#### Task statement:
Could the data below be retyped exactly, without its pictures?

#### Collected material:
*** Block opens ***

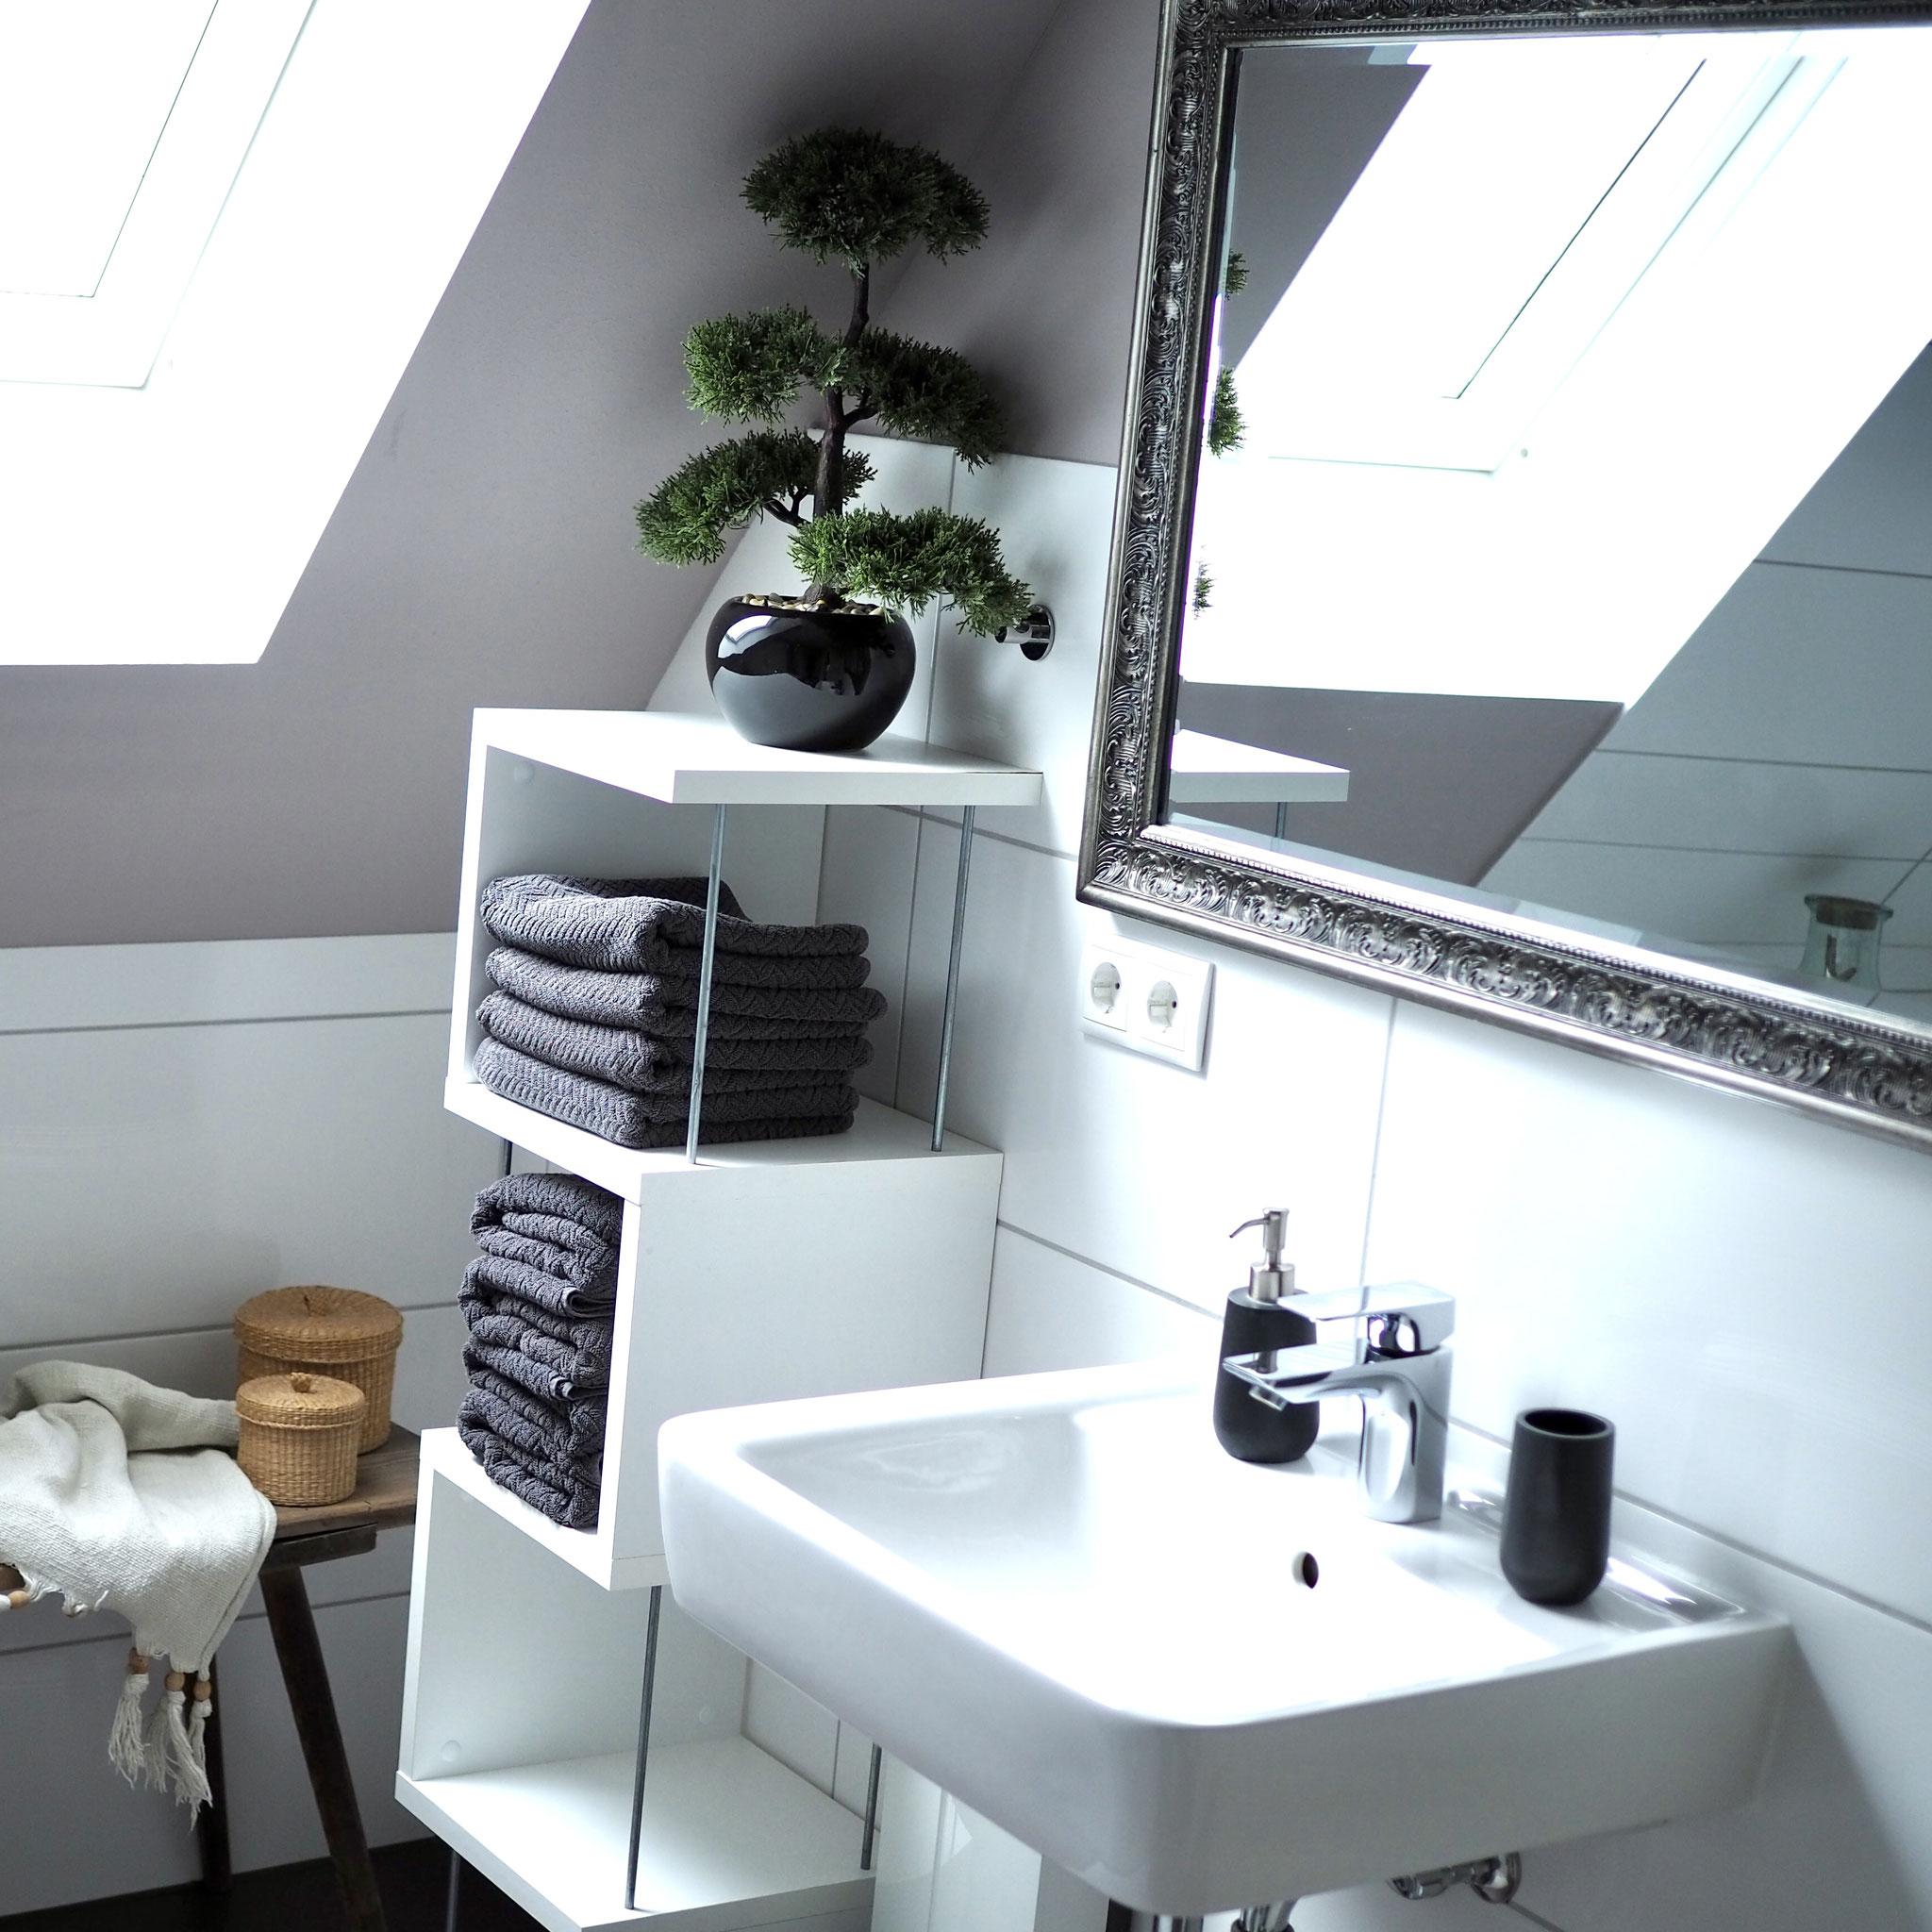 Ferienwohnung Schwerin - Badezimmer mit Badewanne
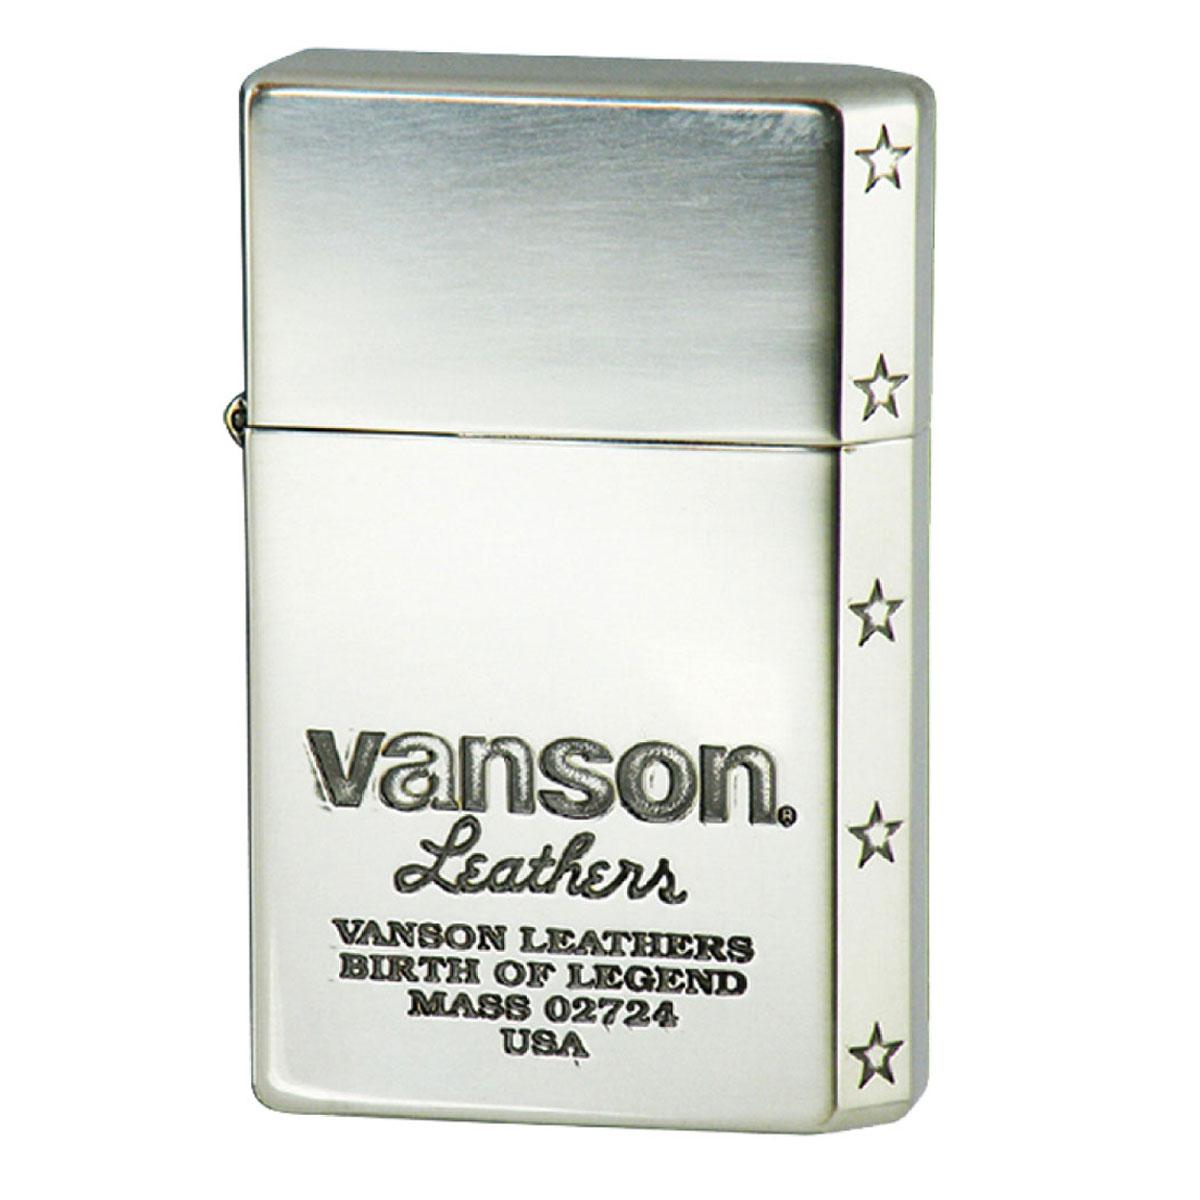 オイルライター 名入れ 日本製  GEAR TOP ギアトップ VANSON バンソン ロゴデザイン シルバー V-GT-05 名入れ ギフト
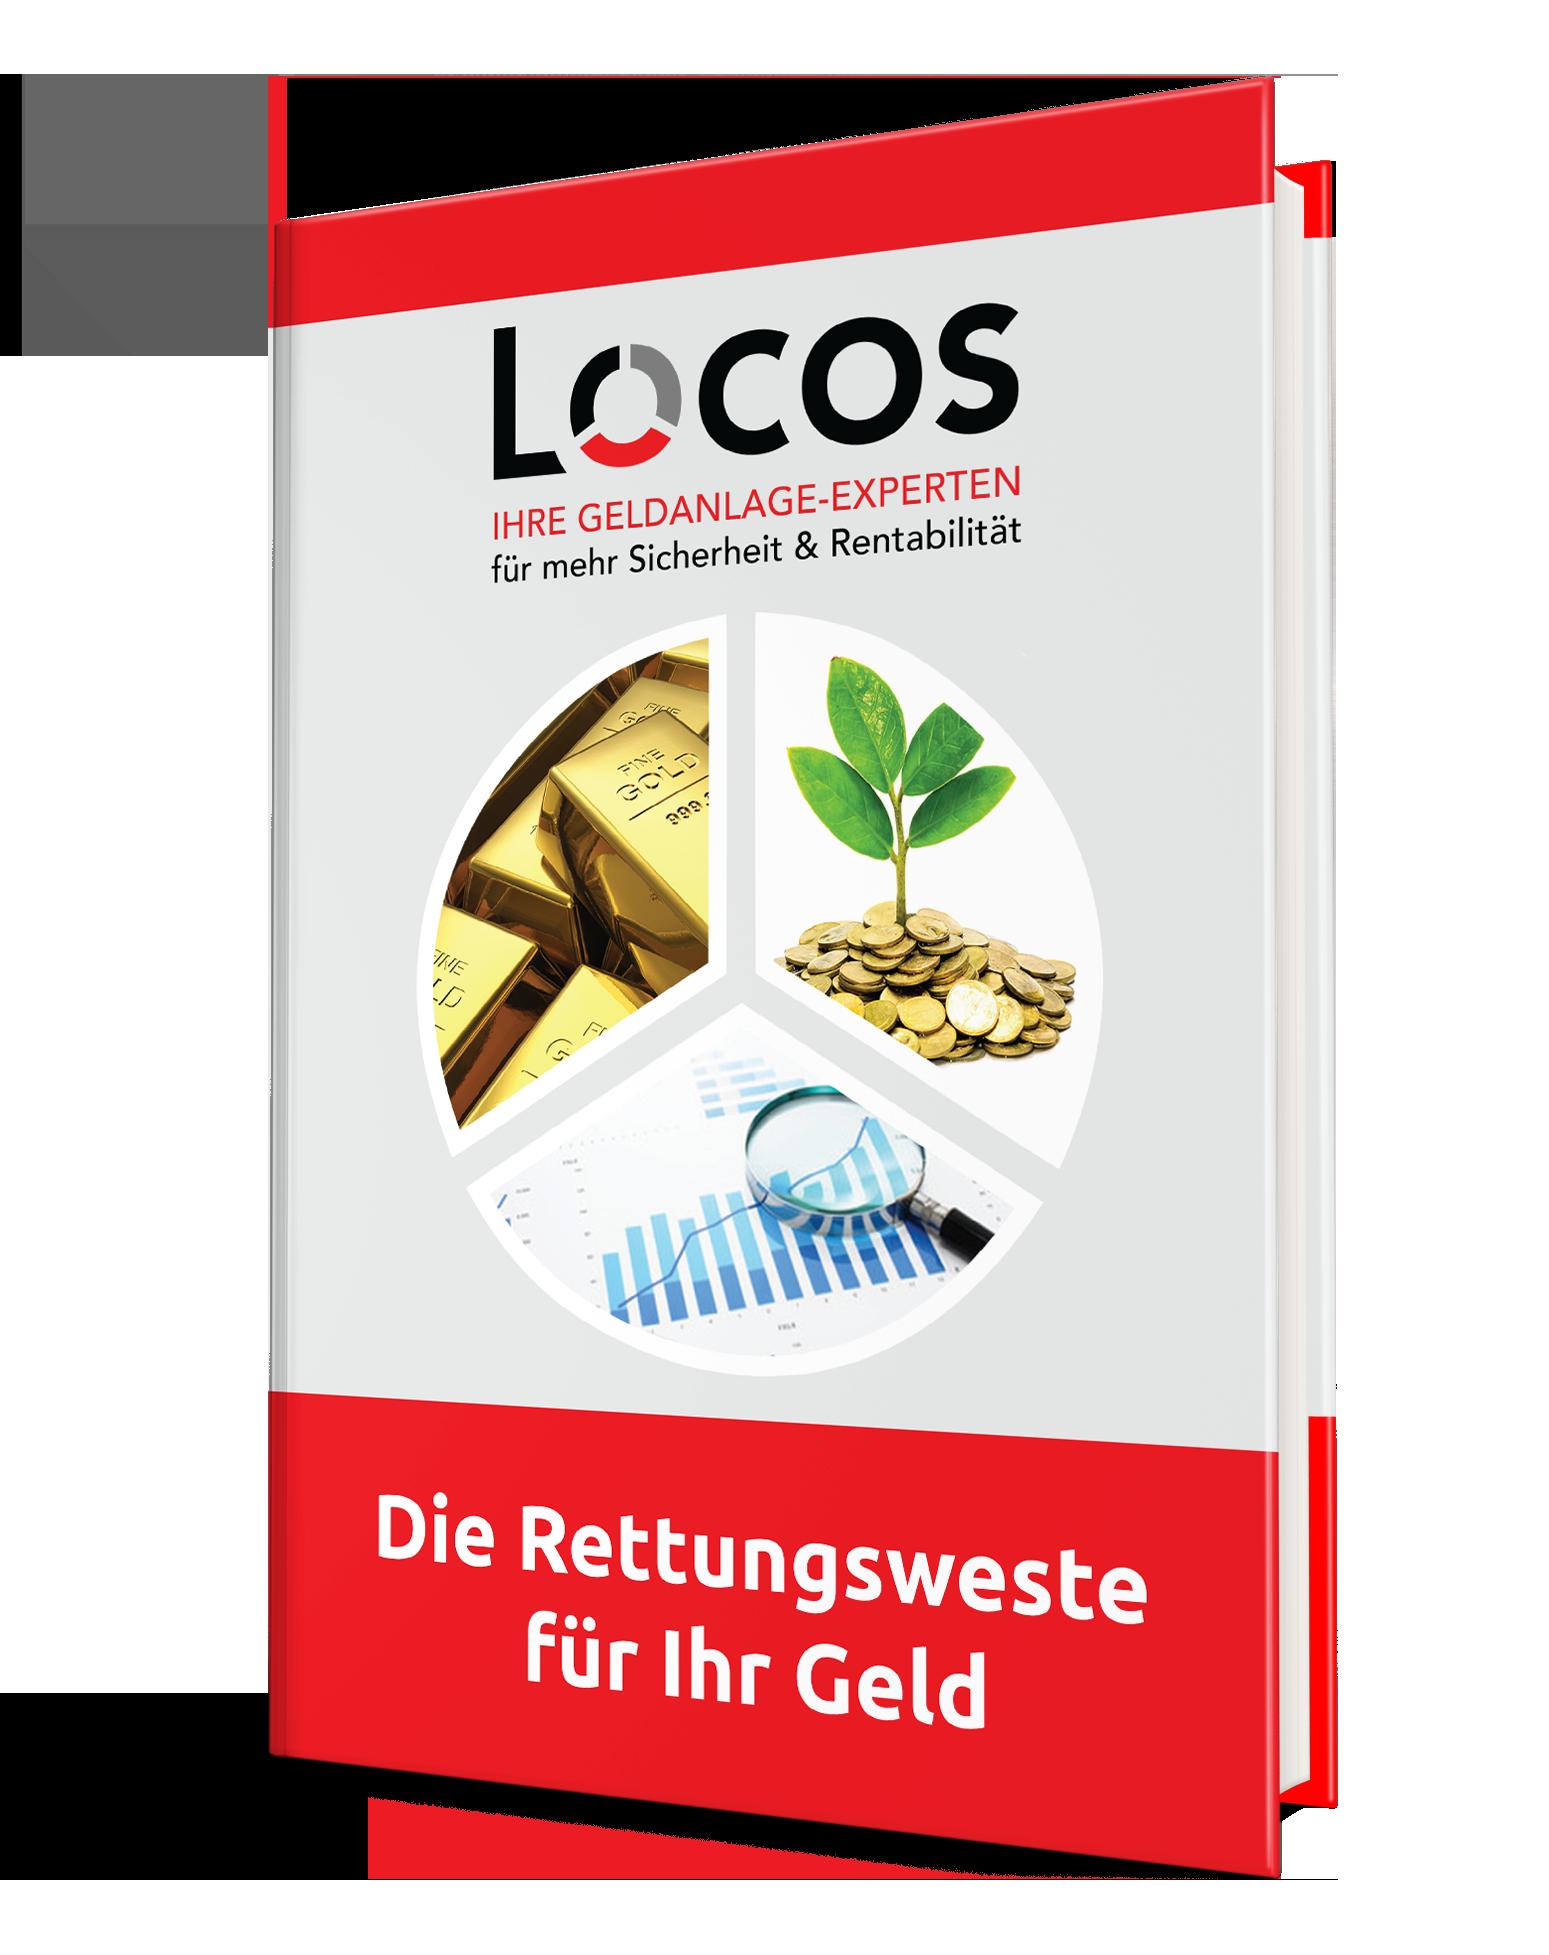 Locos Deutschland Gmbh Co Kg Finanzberatung In Fulda

*** Block closes ***

#### Reply to the exercise:
 Ferienwohnung Schwerin - Badezimmer mit Badewanne
 オイルライター 名入れ 日本製  GEAR TOP ギアトップ VANSON バンソン ロゴデザイン シルバー V-GT-05 名入れ ギフト
 Locos Deutschland Gmbh Co Kg Finanzberatung In Fulda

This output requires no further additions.